Fouad Messaoudi

Personal information
- Nationality: Moroccan
- Born: 7 January 2001 (age 25)

Sport
- Sport: Athletics
- Events: Middle-distance running, Cross country running

Achievements and titles
- Personal bests: 800m: 1:48.76 (2024) 1500m: 3:32.11 (2026) Mile: 3:52.66 (2025) 3000m: 7:40.20 (2026) 5000m: 13:25.48 (2025)

Medal record
Men's athletics
Representing Morocco
Mediterranean Games
| Bronze medal – third place | 2026 Taranto | 5000 m |
Arab Championships
| Silver medal – second place | 2023 Algiers | 1500 m |

= Fouad Messaoudi =

Moroccan middle-distance runner

Fouad Messaoudi (born 7 January 2001) is a Moroccan middle-distance and cross country runner. He represented Morocco at the 2025 World Athletics Championships over 1500 metres.

==Biography==
From Oujda, Morocco, Messaoudi competed in the collegiate system in the United States, attending Oklahoma State University from 2022.

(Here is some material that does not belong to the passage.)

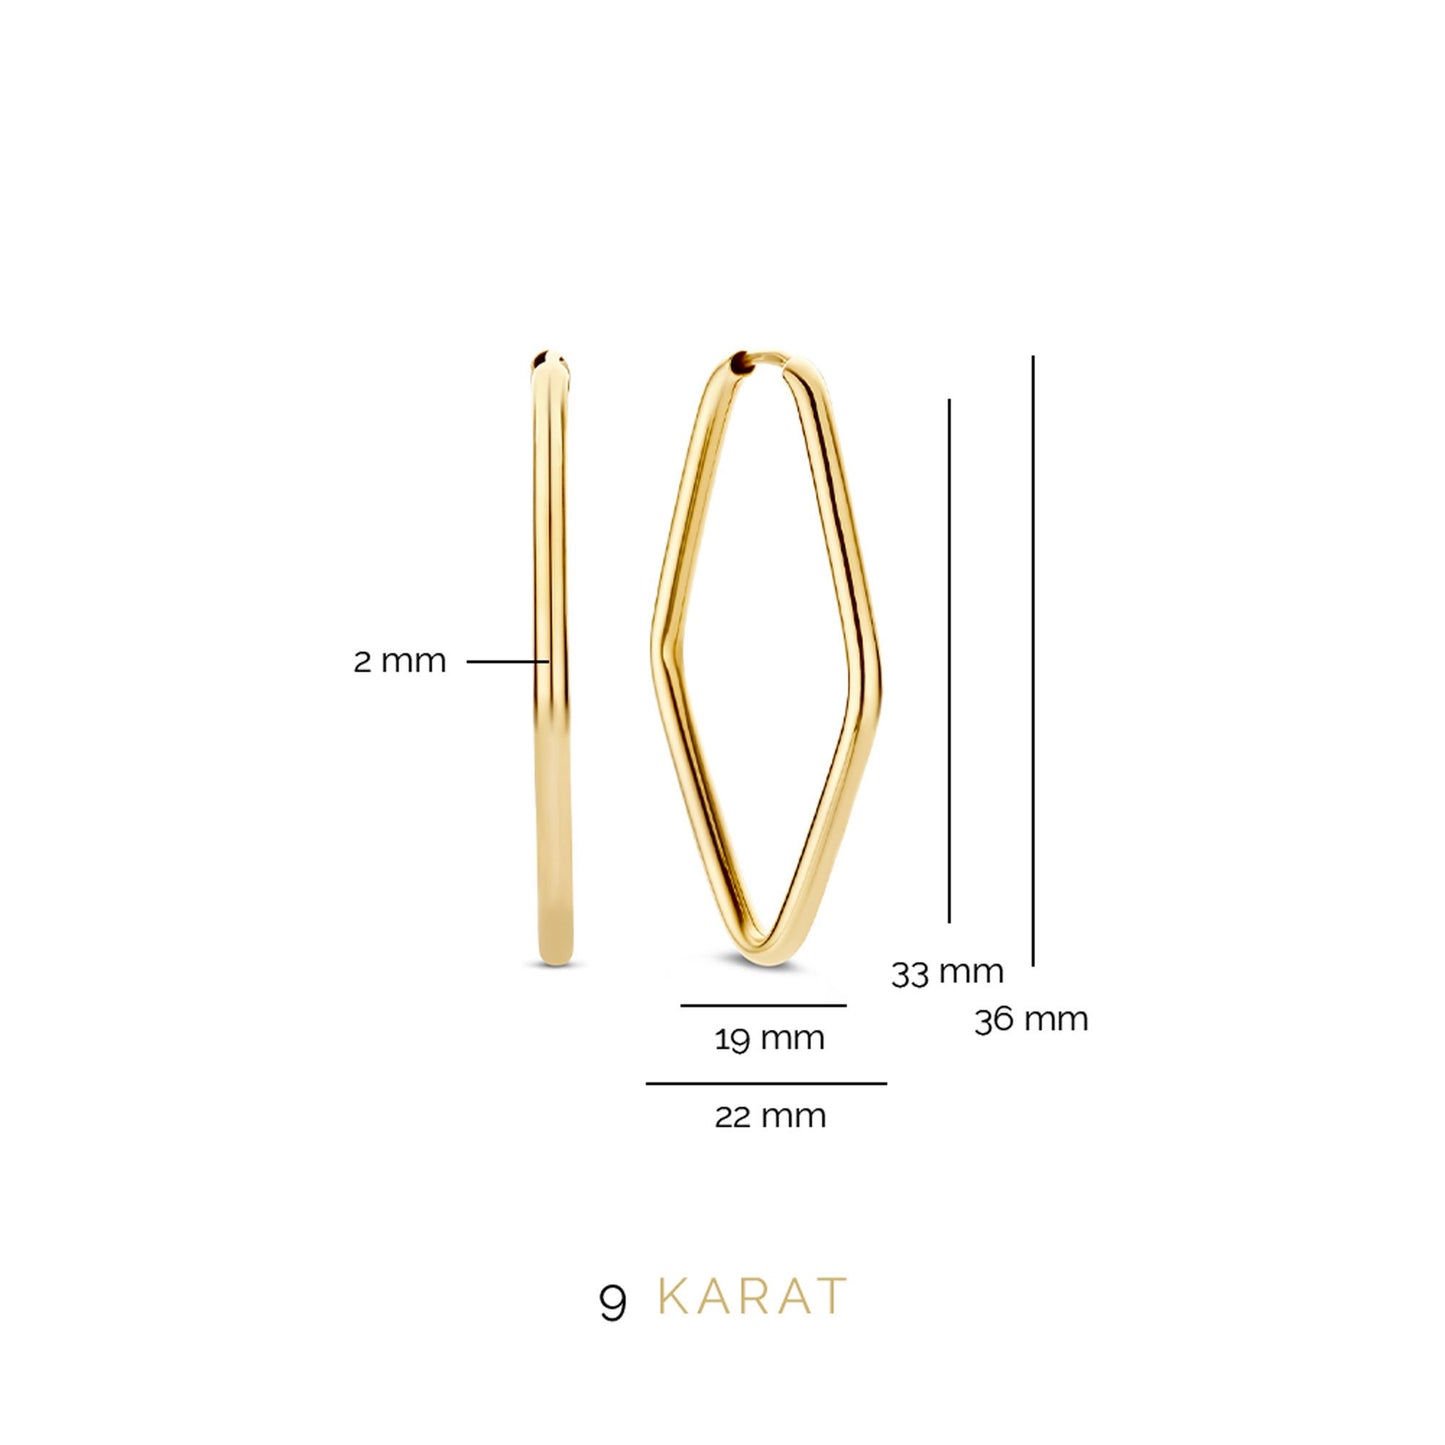 La Rinascente Fiorenza 9 karat gold hoop earrings (33 mm)

Messaoudi had success, winning the 2023 NCAA Indoor Championships over 3000 metres in Albuquerque, New Mexico. He also won the distance medley relay with Oklahoma State at the championships. In June, he placed ninth in the final of the 1500 metres in Austin, Texas at the 2023 NCAA Outdoor Championships. In November 2023, placed tenth overall at the 2023 NCAA Cross Country Championships, held in Charlottesville, Virginia, winning the team title with Oklahoma State. In July, he won the silver medal at the 2023 Arab Games in Algiers in the 1500 metres.

In February 2025, Messaoudi won the mile run at the Razorback International, with a time of 3:52.66 to set a new Oklahoma State school record by over two seconds, and move to seventh on the NCAA all-time list. In March 2025, he placed fourth in the final of the mile run at the 2025 NCAA Indoor Championships in Virginia Beach. In June, he placed eighth in the final of the 5000 metres in Eugene, Oregon at the 2025 NCAA Outdoor Championships. Later that month, he won the 1500 metres	in 3:33.93 at the Portland Track Festival in Portland, Oregon.

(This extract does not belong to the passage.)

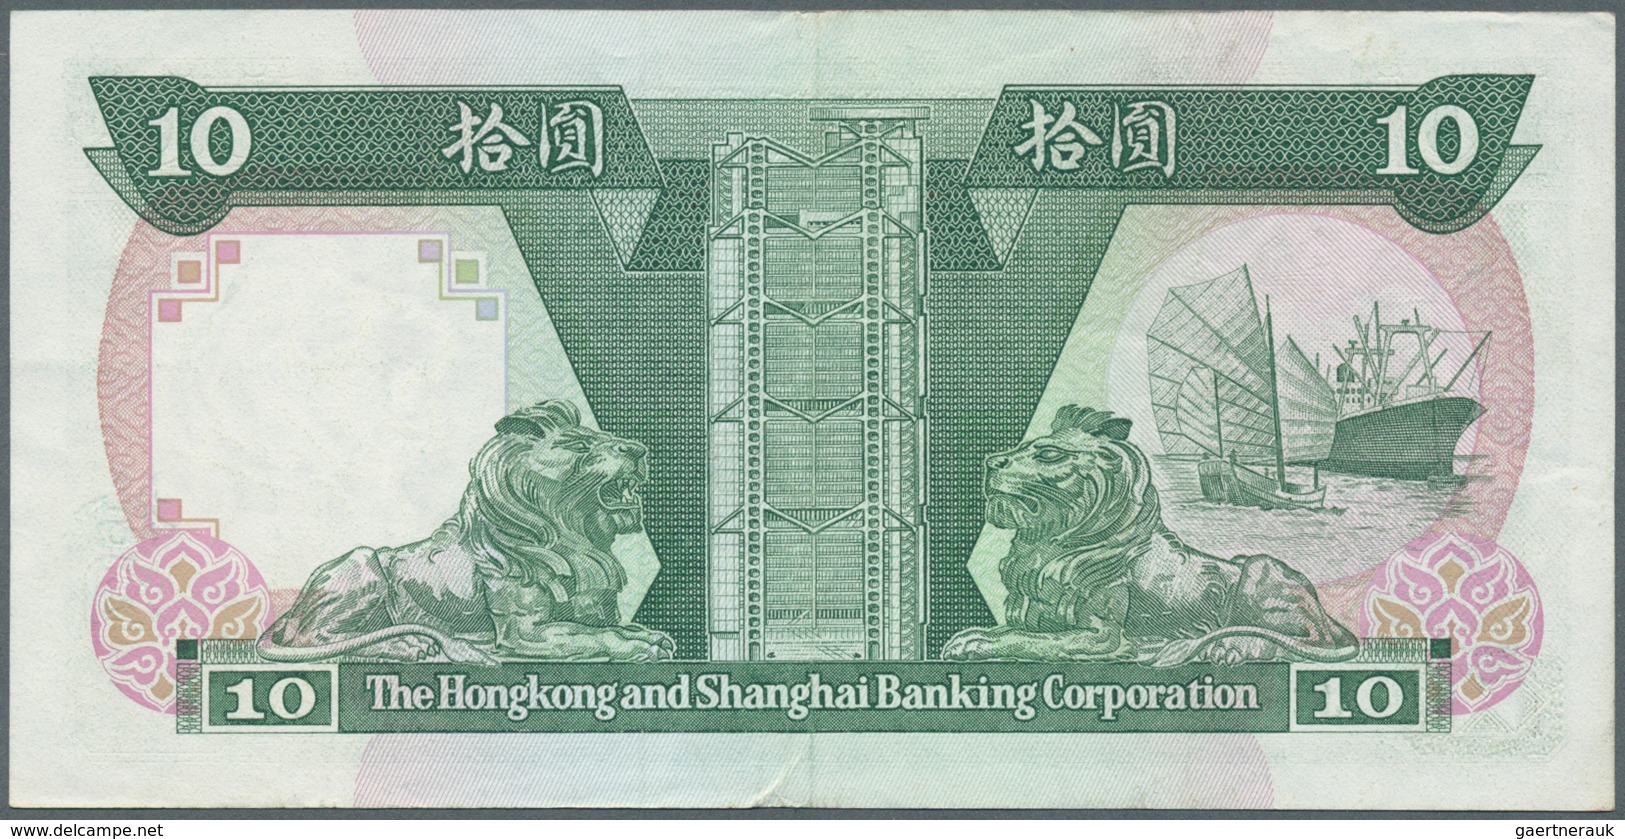 Hong Kong: Set Of 19 Banknotes Containing 10 Dollars The Chartered Bank 1977 P. 74c (UNC), 5 Dollars - Hongkong

In July 2025, he placed third over 1500 metres at the Moroccan Championships in a time of 3:48.13. In September 2025, he competed over 1500 metres at the 2025 World Championships in Tokyo, Japan, without advancing to the semi-finals.

In November 2025, he placed fifth overall at the 2025 NCAA Cross Country Championships, helping Oklahoma State to win the team title. Alongside Anass Essayi and Salma Elbadra, he was selected for the mixed relay at the 2026 World Athletics Cross Country Championships in Tallahassee, Florida.

In May 2026, he ran a personal best 3:32.11 for the 1500 metres metres at the 2026 Meeting International Mohammed VI d'Athlétisme de Rabat, part of the 2026 Diamond League.